Introducing Grid Mask

One of the recently announced Data Augmentations is Grid Mask. As shown in the figure below, it is a method that masks the image in a grid pattern, which is superior to the conventional method such as Cutout.

The subject of this article is not an introduction to this method, but a proposal for expanding it to Mix. Source paper: https://arxiv.org/abs/2001.04086

Introducing CutMix

Since various people have already introduced this in Qiita etc., I will omit the details, but it will be a method of randomly cutting out a part of the image, pasting it on another image, and giving a label by area ratio. I will. Source paper: https://arxiv.org/abs/1905.04899

CutMix ⇒ Motivation for GridMix

I had some doubts about CutMix for some time. It seems that the amount of information is larger near the center, but I wonder if it is okay to simply decide the label by the area ratio.

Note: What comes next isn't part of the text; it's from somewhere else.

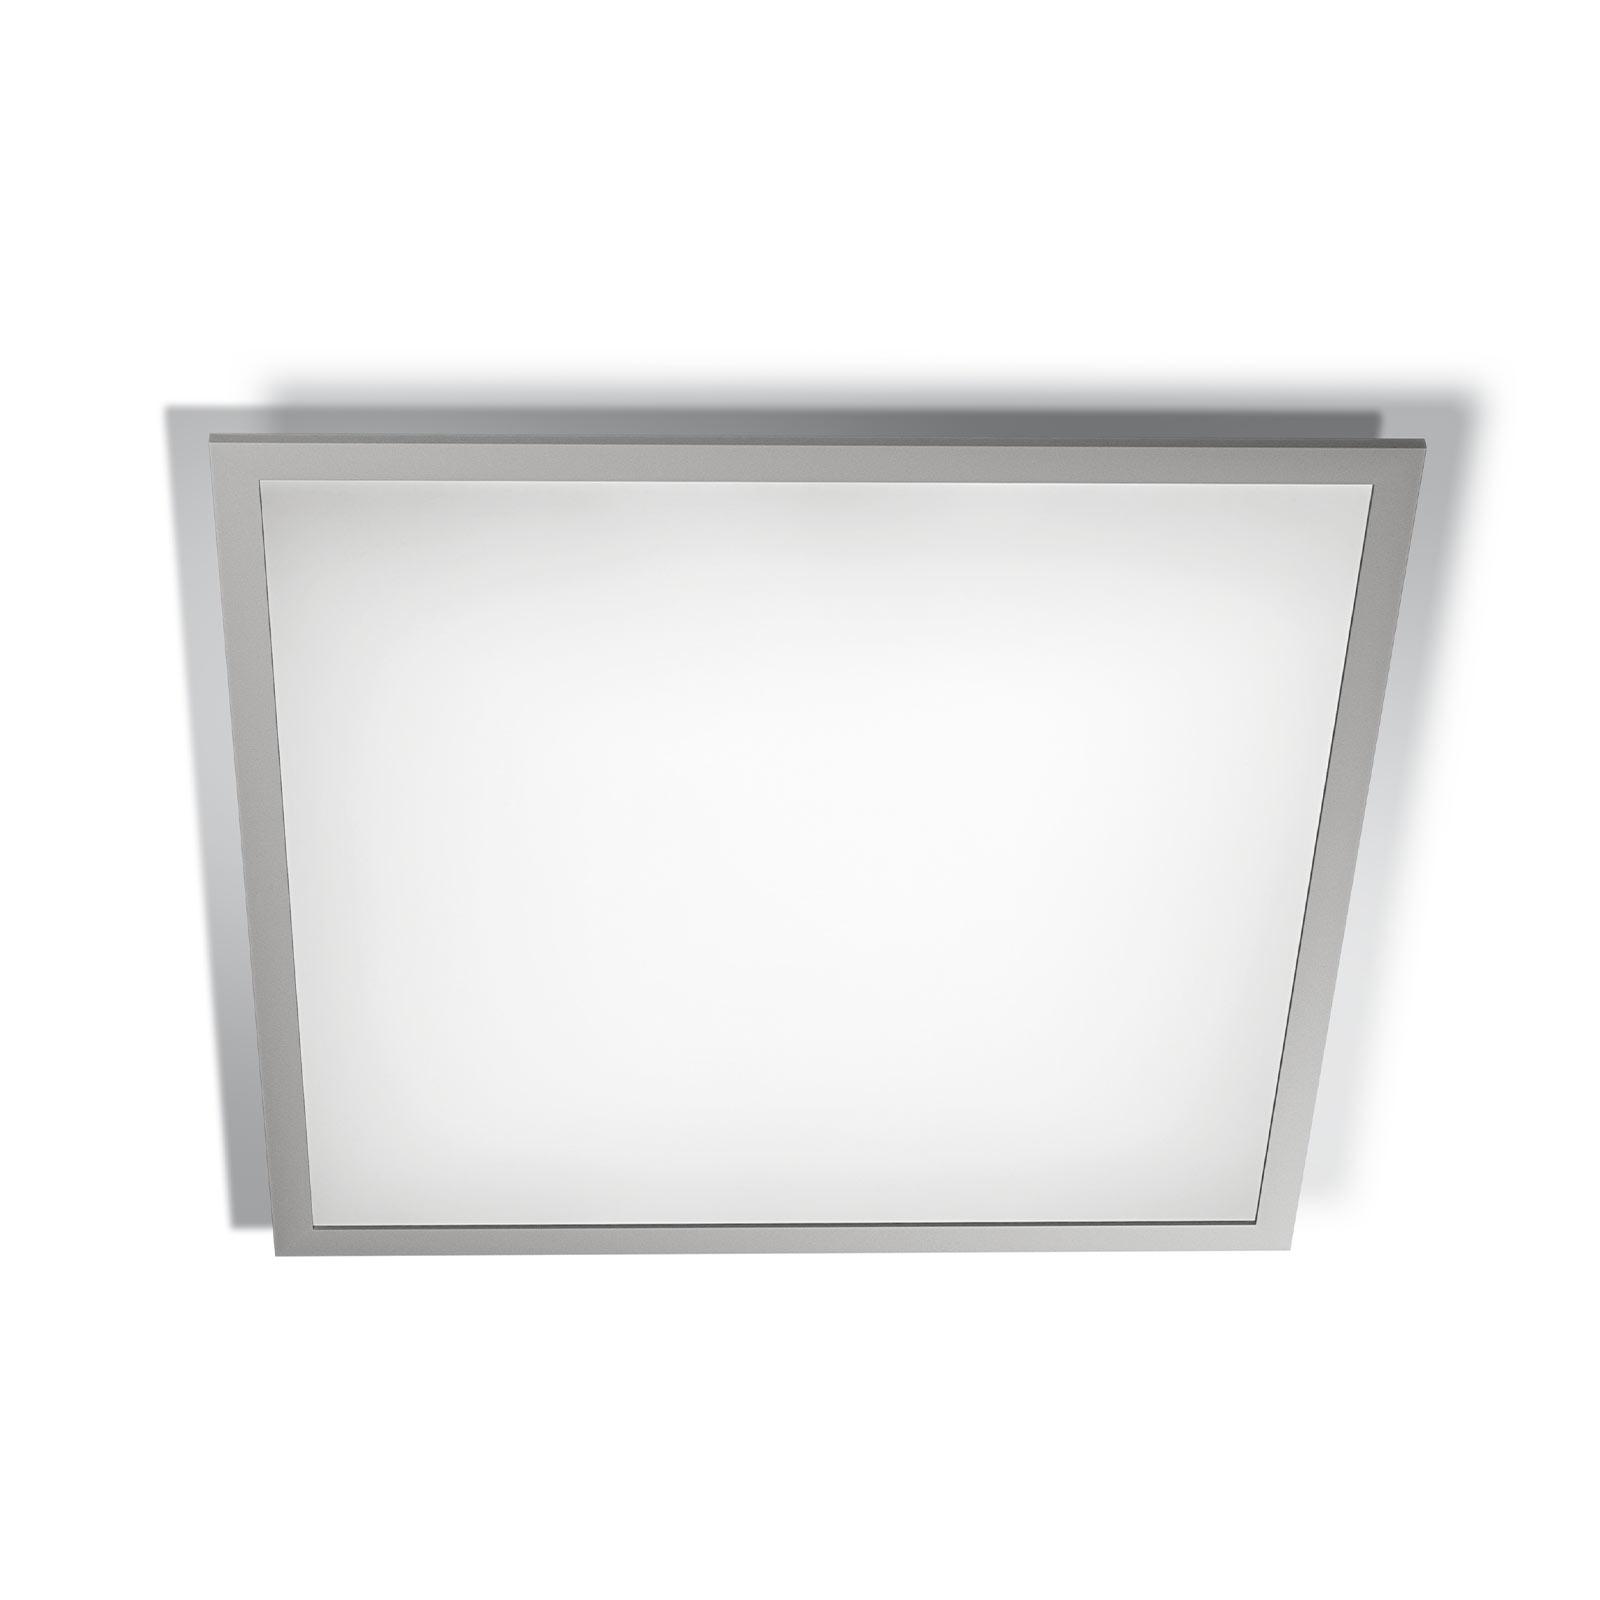 LEDVANCE Planon Plus LED-Panel 60x60cm 830 36W

For example, in the figure below, half of the areas are cats and half are dogs, but I think it's awkward to split the labels in half. It looks like a dog to me.

⇒ Alright, let's mix it into a mesh. * I thought.

approach

With a common model, the accuracy is compared by training the cifer10 dataset in the following three cases.

No Augmentation
CutMix Augmentation (existing method)
GridMix (Proposed method)

Model to use

Conv8 layer shallow CNN (not pretrained) input shape: 32x32x3

GridMix Augmentation The proposed method is like a child of CutMix and GridMask, which mixes images with a grid of appropriate size. ** The mask is basically a checkered pattern, but the mesh pattern and no mix are stochastically created. ** **

The figure below shows the checkered pattern, mesh pattern, and no mix in order from the left.

** If only the checkered pattern was used, the mix ratio was constant at about 0.5 and the convergence was poor **, so I tried to make it easy in some cases. By adding a mesh pattern, it is possible to reproduce something similar to the existing method CutMix.

def grid_mixer(img_1, img_2, interval_h, interval_w, thresh=0.3):
    #make checkerboad
    h, w, _ = img_1.shape
    h_start = np.random.randint(0,2*interval_h)
    w_start = np.random.randint(0,2*interval_w)
    h_grid = ((np.arange(h_start, h_start+h)//interval_h)%2).reshape(-1,1)
    w_grid = ((np.arange(w_start, w_start+w)//interval_w)%2).reshape(1,-1)
    checkerboard = np.abs(h_grid-w_grid)
    
    #reverse vertical and/or horizontal
    if np.random.rand()<thresh:
        checkerboard += h_grid*w_grid
    if np.random.rand()<thresh:
        checkerboard += (1-h_grid)*(1-w_grid)

    #mix images
    mixed_img = img_1*checkerboard[:, :, np.newaxis]+img_2*(1-checkerboard[:, :, np.newaxis])
    mix_rate = np.sum(checkerboard)/(h*w)
    return mixed_img, mix_rate

h,w,_=img_1.shape
interval_h = h//np.random.uniform(2, 4)
interval_w = w//np.random.uniform(2, 4)                        
img, mix_rate = grid_mixer(img_1, img_m_2, interval_h, interval_w, 0.3)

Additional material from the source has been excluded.